Gist discovers meaning or semantics through the statistical analysis of word patterns and distributions natively occurring in massive collections of documents. External thesauri or ontologies aren't used. Instead, meaning is derived by analyzing, (through the neural net machine learning system), the large-scale probability and distributional properties of words in the Gist document collections.The derivation of meaning from these patterns is well supported in the technical literature and is referred to as the "distributional hypothesis of meaning": The Distributional Hypothesis: words with
similar distributional properties have similar meanings. This statistical approach currently dominates the field of NLP and there is an enormous literature on it as well as rapidly advancing practical applications from the most advanced technology companies in the world including Google, Apple, Facebook and Amazon.
The Gist machine-learning engine captures these statistical patterns and uses them to convert both documents and queries to mathematical objects known as feature vectors. The vectors encode statistical properties of words including co-occurrence pattern counts, frequency counts and word sequence probabilities. Gist also includes an innovative type of back-off or error correction to supplement or blend the semantic feature vectors with keyword representations when necessary. Documents and queries with similar vector scores are closely related semantically, regardless of the literal composition of the words they contain. In retrieval the system uses these vectors to compute the probability of a match between document and query.

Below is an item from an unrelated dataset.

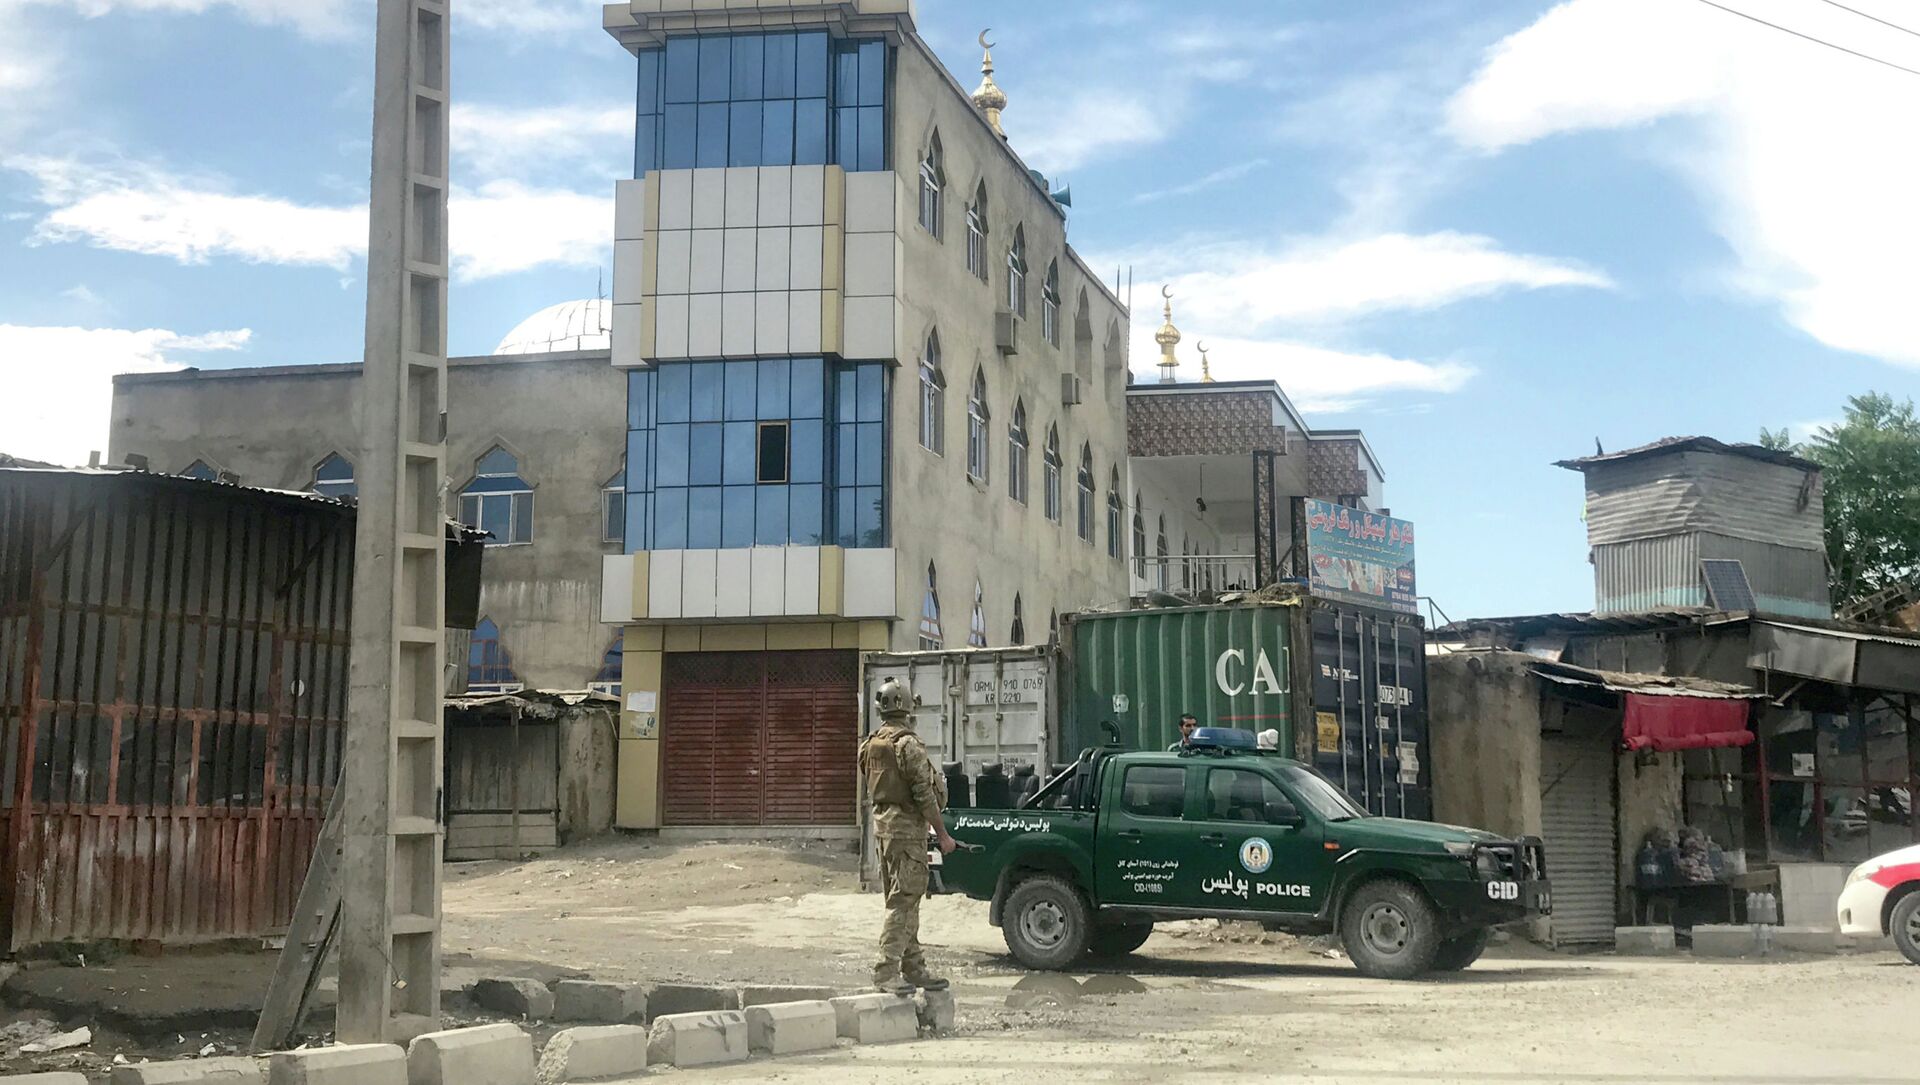 Афганские силы безопасности следят за мечетью после взрыва в Кабуле, Афганистан, 24 мая 2019 года - Sputnik Казахстан, 1920, 26.05.2021
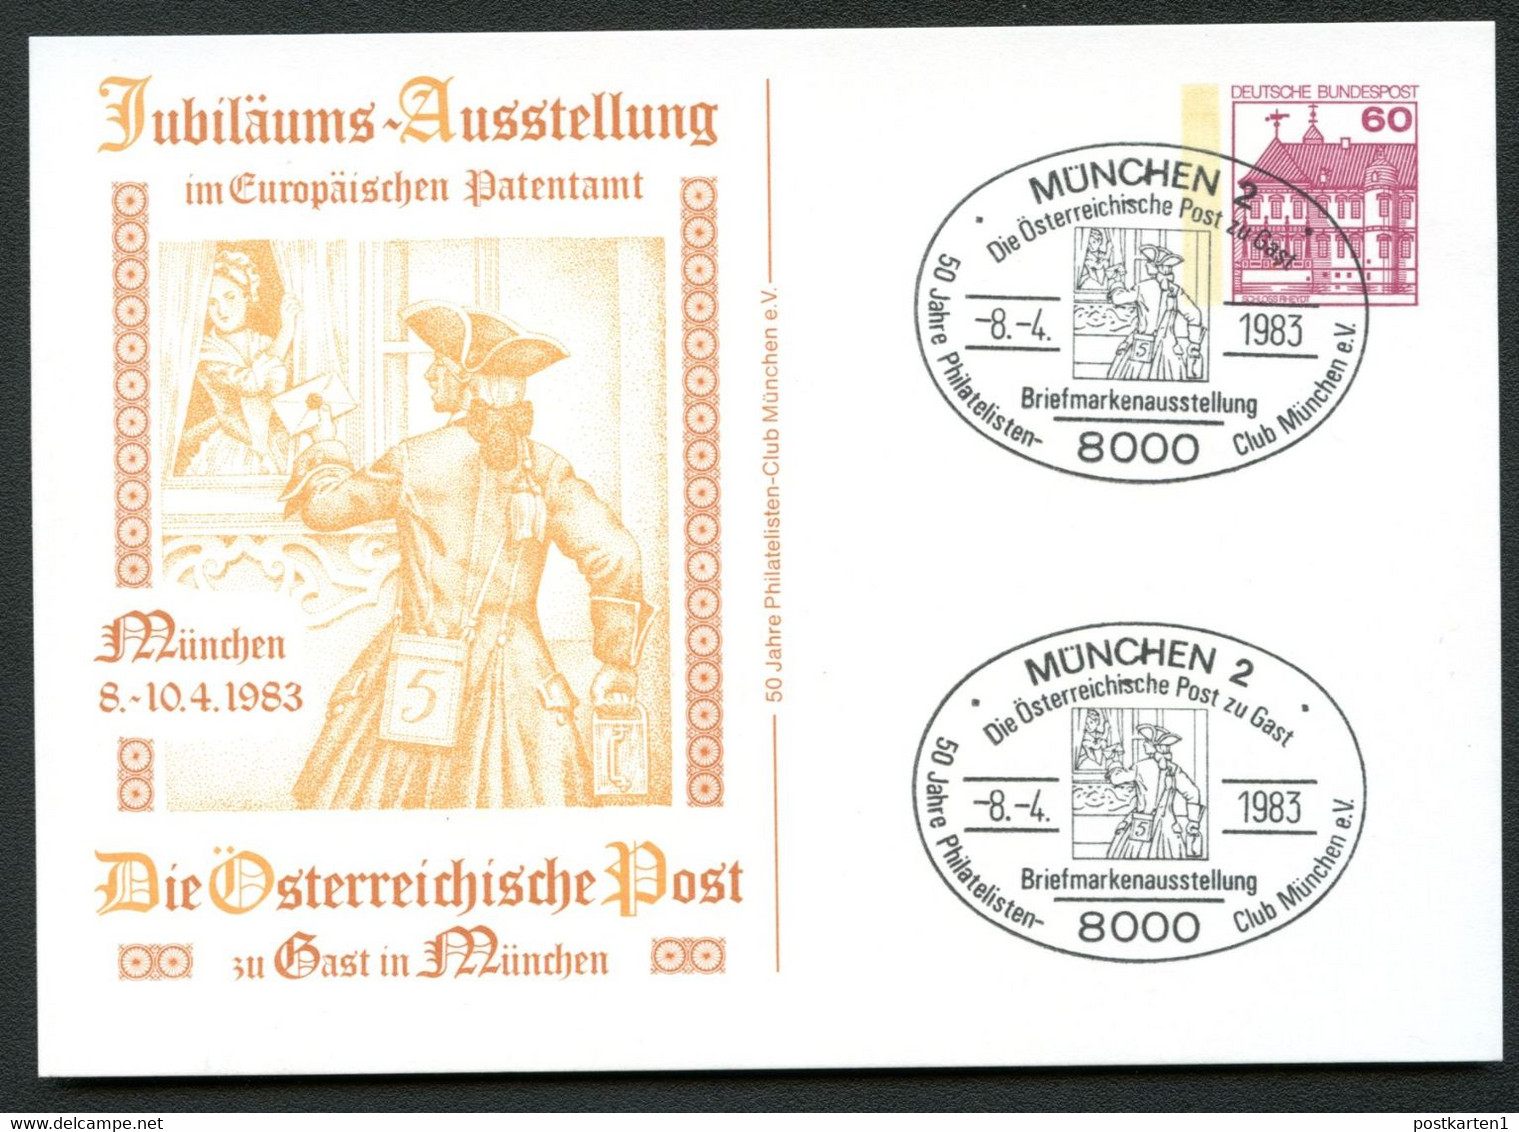 Bund PP106 D2/054 ÖSTERREICHISCHE POST POSTBOTE Sost. München 1983 - Private Postcards - Used

As a document collection grows over time, new terms and concepts inevitably emerge while others may shift in meaning. For example, phrases like "internet of things," and "deep learning" have gained currency in the technical literature in recent years. The same is true for individual words like "multicore" or "qubit". Gist automatically adjusts to these changes in the topical composition of the document collection. It detects this "semantic drift" through its learning algorithm and re-weights concepts and topics accordingly. This makes the system self-evolving and allows it to powerfully and elegantly sustain high precision and recall in the retrieval task as the balance of topics and concepts in a document collection changes.
Semantic Search and Knowledge Representation
Semantic search is itself an ambiguous phrase. Some vendors' use it to refer to a search that returns a knowledge representation based on entity and fact extraction. These systems rely on ontologies to define the meaning of terms and typically present graph- based results using subject/predicate/object triples. While these systems deliver value beyond traditional keyword retrieval they typically require "structured" text that has been manually annotated with a machine-readable industry standard mark-up language such as schema.org or the Resource Description Framework (RDF) specifications from the World Wide Web Consortium (W3C). Search engines can use these marked up pages to populate "knowledge panels" or "knowledge graphs" in response to certain types of queries. Gist attacks a different problem in a different way. It doesn't try to extract entities and facts. It doesn't rely on machine-readable semantic mark-up. It processes unstructured, unlabeled text collections and automatically distills the key concepts inherent in the statistical distribution of the words in the documents.